Мартьян сложил инструменты в рюкзак и вытер паклей руки. Небо совсем вызвездилось и стадо еще чище; влажный после дождя воздух студеней и звонче. На токах все еще пели девушки, баян протяжно и звучно выводил радостную мелодию.
– Ведь как, поди, за день-то умаются, а все равно будут петь до зари, – вертя цигарку, проговорил Архип.
«Наверное, он никогда не уйдет, противный», – грустно вздыхая, думала Глаша.
– Пойду по объекту пройдусь, – словно угадав ее мысли, сказал Архип. – А то как бы эти певцы на бахчи не пожаловали.
Пожелав спокойной ночи, он зашагал по твердой, утоптанной на меже тропке.
Оставшись один, Мартьян принес начатый им арбуз и положил на широкий стол, дивясь, каким путем попал сюда этот старый, дубовый, монаховский кухонный раскоряка.

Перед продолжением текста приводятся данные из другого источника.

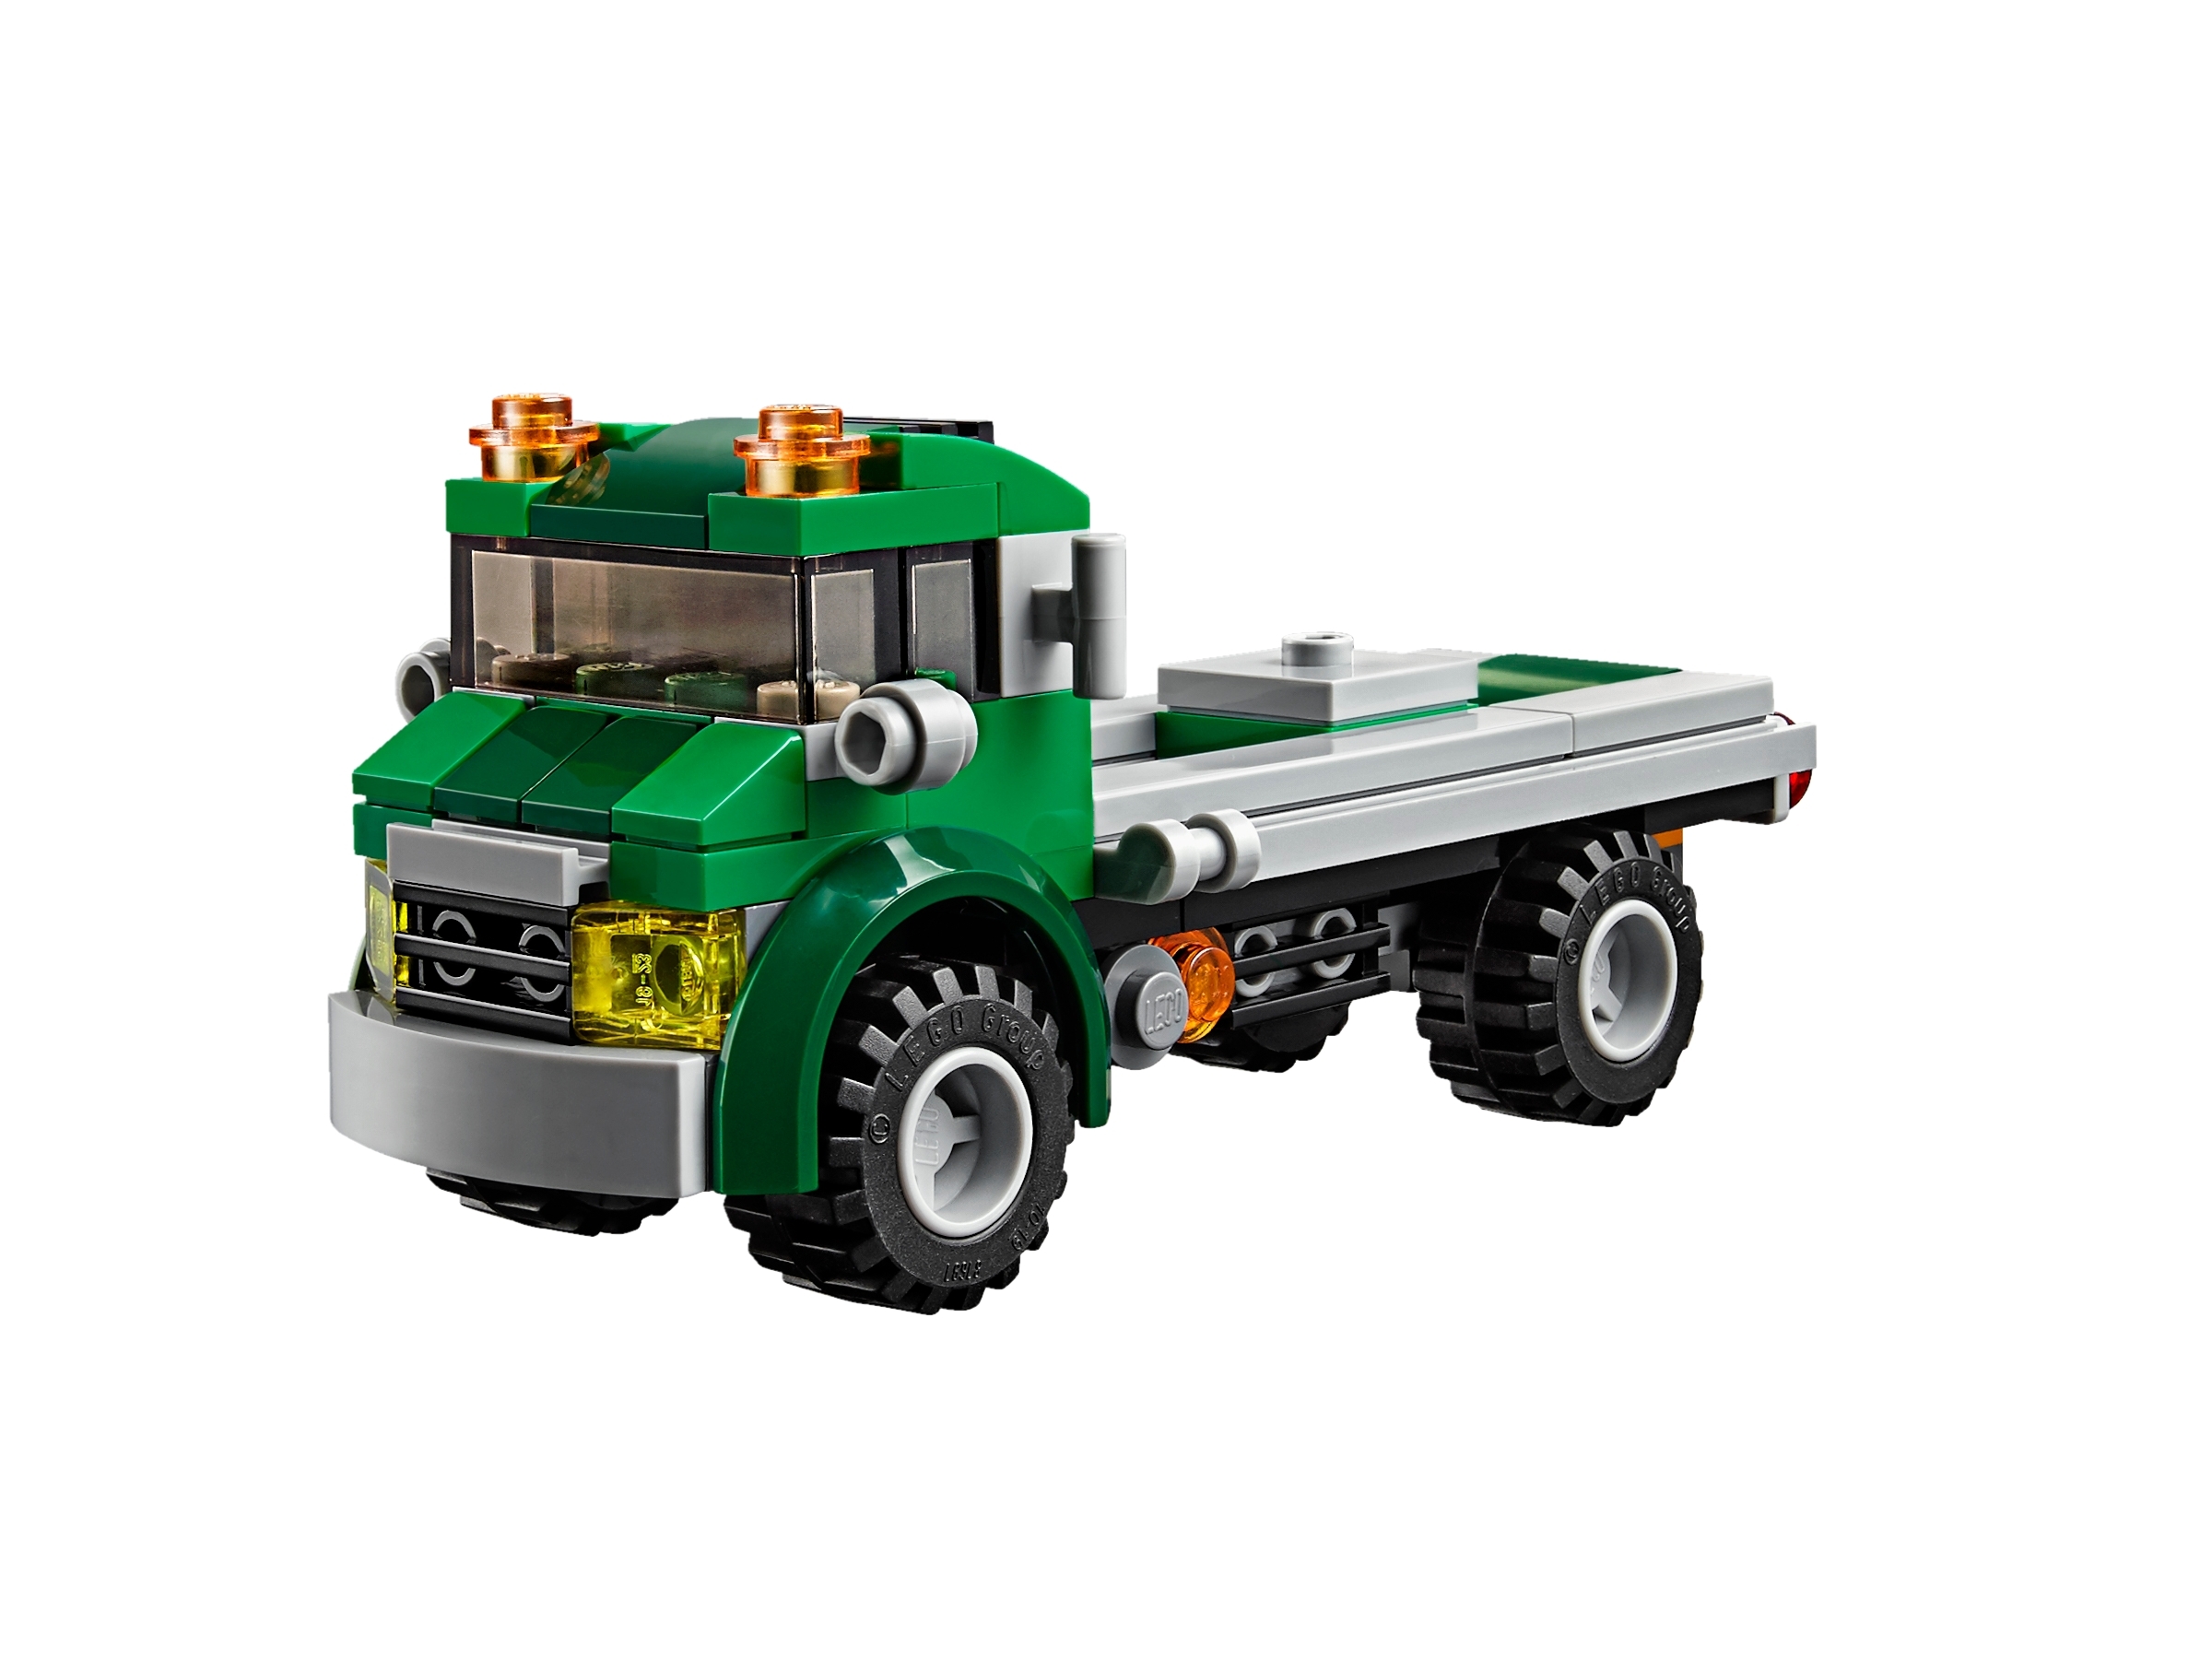 Chopper Transporter 31043 | Creator 3-in-1 | Buy online at the Official LEGO® US

Отрезав ломоть, Мартьян выковырял ножом семечки и принялся есть.
Открыв дверь вагончика, она тихо из темноты сказала:
– Может быть, и мне отрежешь кусочек?
– Ты не спишь? А я думал…
Мартьян схватил со стола перочинный нож и с треском отрезал толстенный ломоть арбуза.

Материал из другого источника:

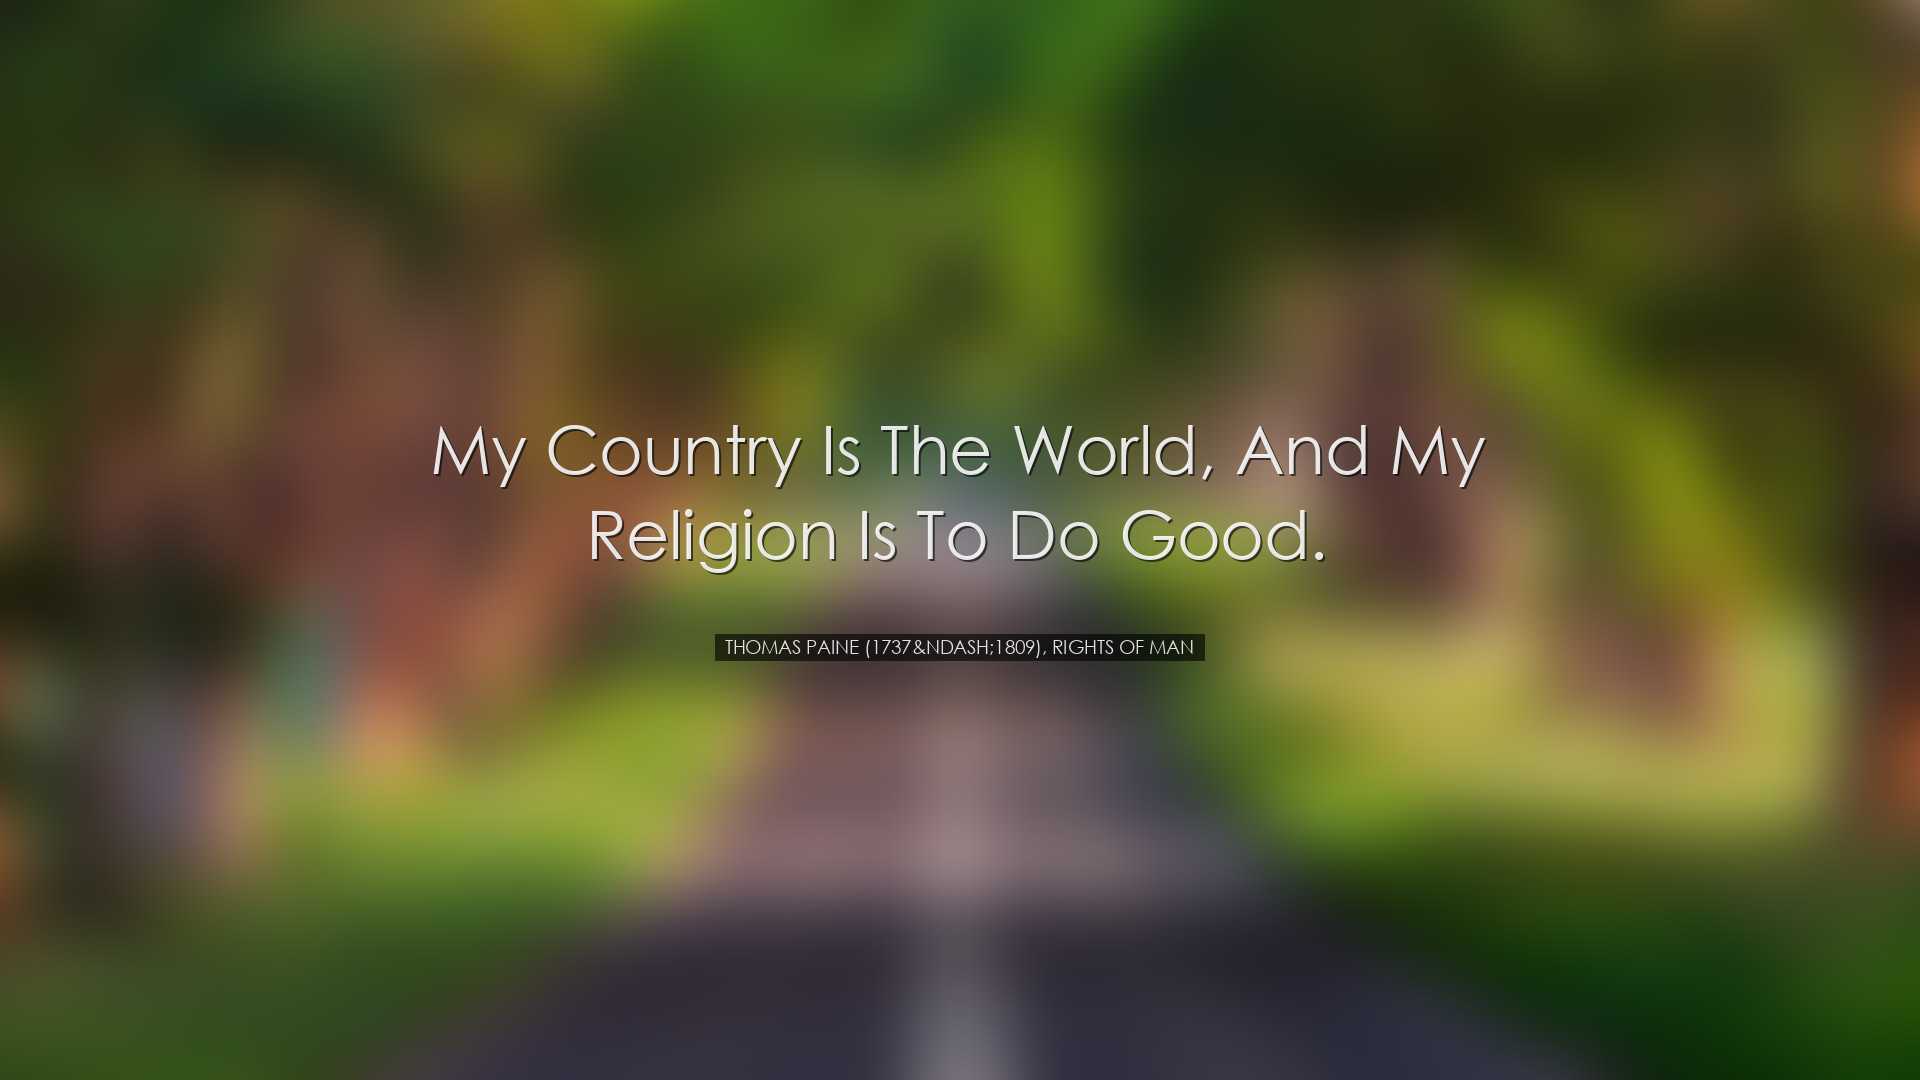 My country is the world, and my religion is to do good. - Thomas P

– Да куда ты столько отвалил! Его и рукой-то не ухватишь, – сдержанно, но радостно засмеялась Глаша. Принимая от Мартьяна кусок, прибавила: – Где-то у меня здесь газетка была старая. Я сейчас найду ее и постелю.

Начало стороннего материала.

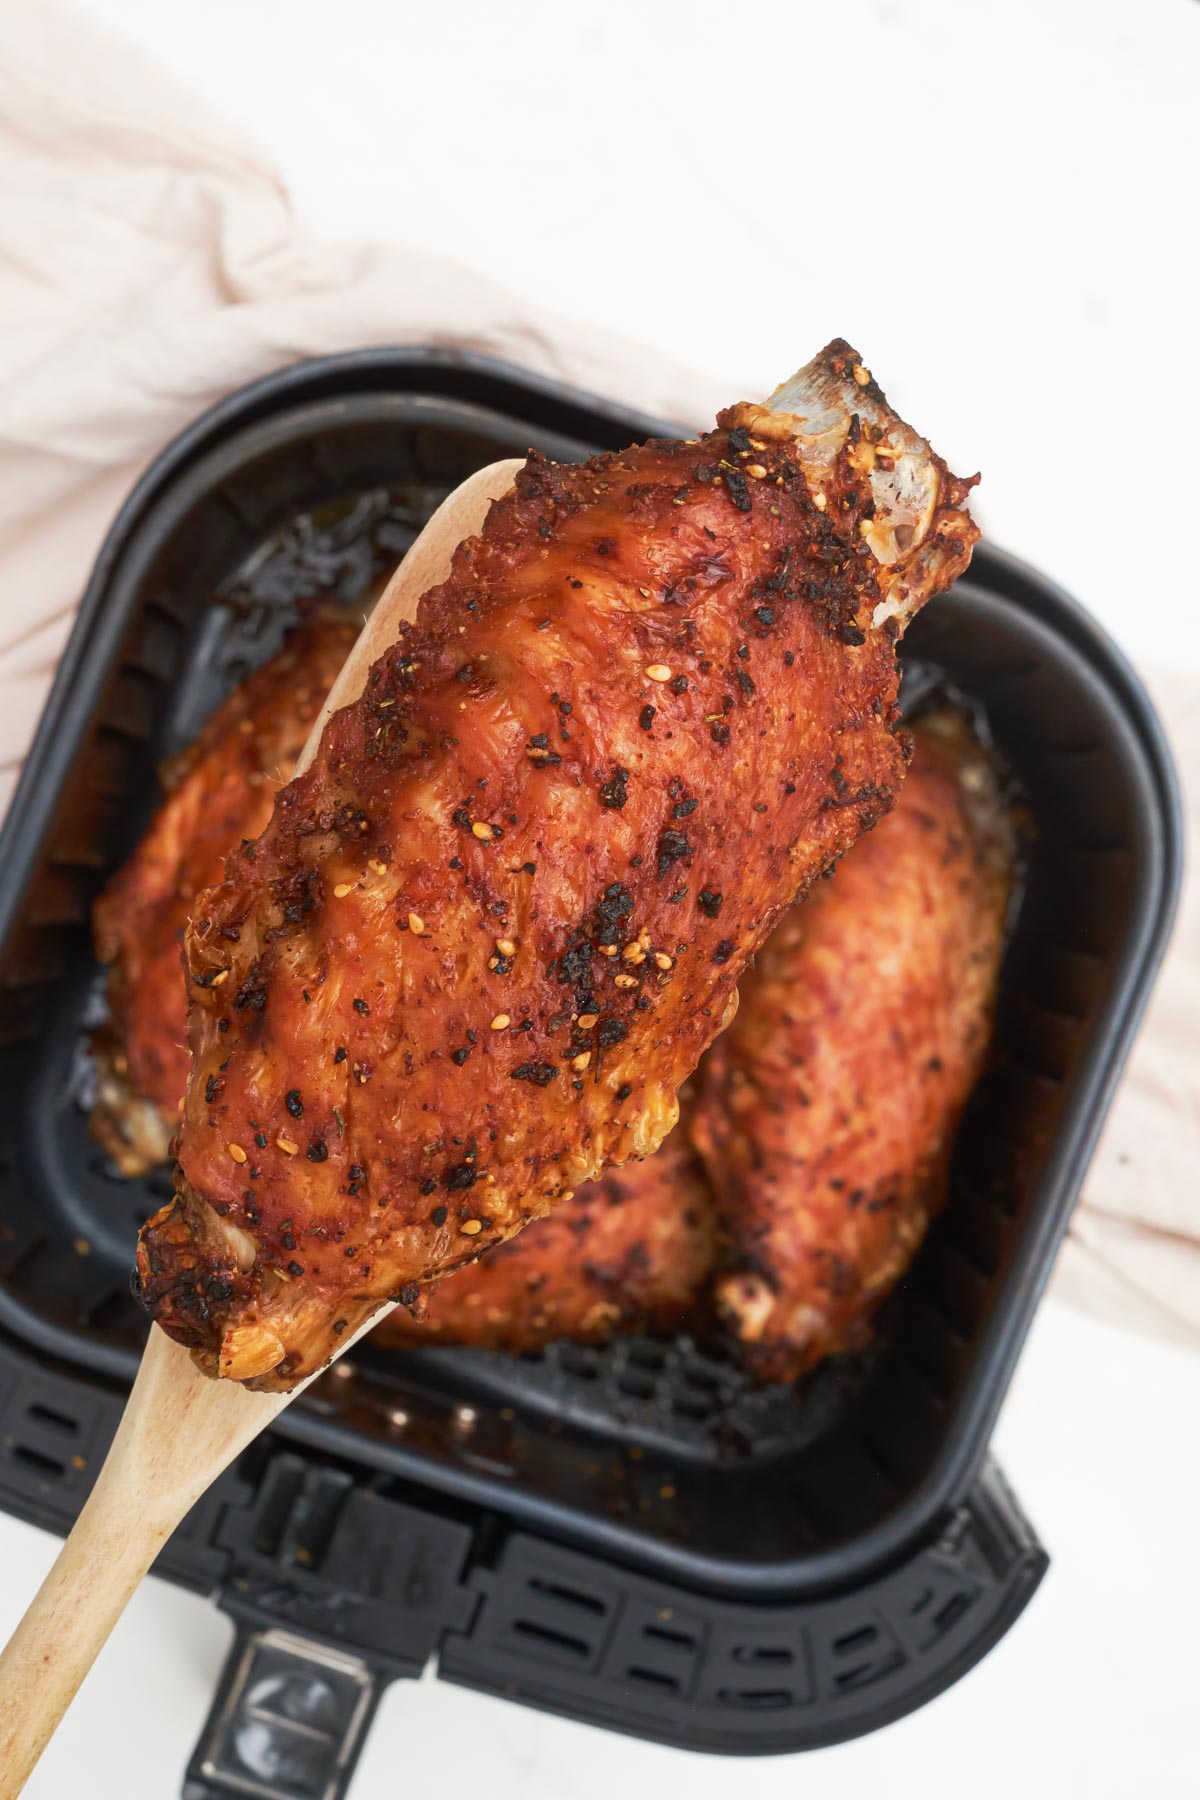 one cooked turkey wing being removed from the air fryer

– Погоди минутку… – Мартьян сходил и принес лист фанеры. Пристроив его на порожке, сказал: – Так лучше будет.
– Как же лучше? Проход загородил, – отломив от куска сердцевинку, проговорила она.
– Пока ходить некуда.
– Мало ли что! А мне сказали, что ты на вокзал уехал. Ты сам-то чего не ешь? – Глаша перескакивала с одного на другое, растерянно радуясь тому, что он вернулся, и в то же время боялась показать это слишком явно.
– Собрался было на станцию, а в душе такое, что хоть под паровоз вниз башкой…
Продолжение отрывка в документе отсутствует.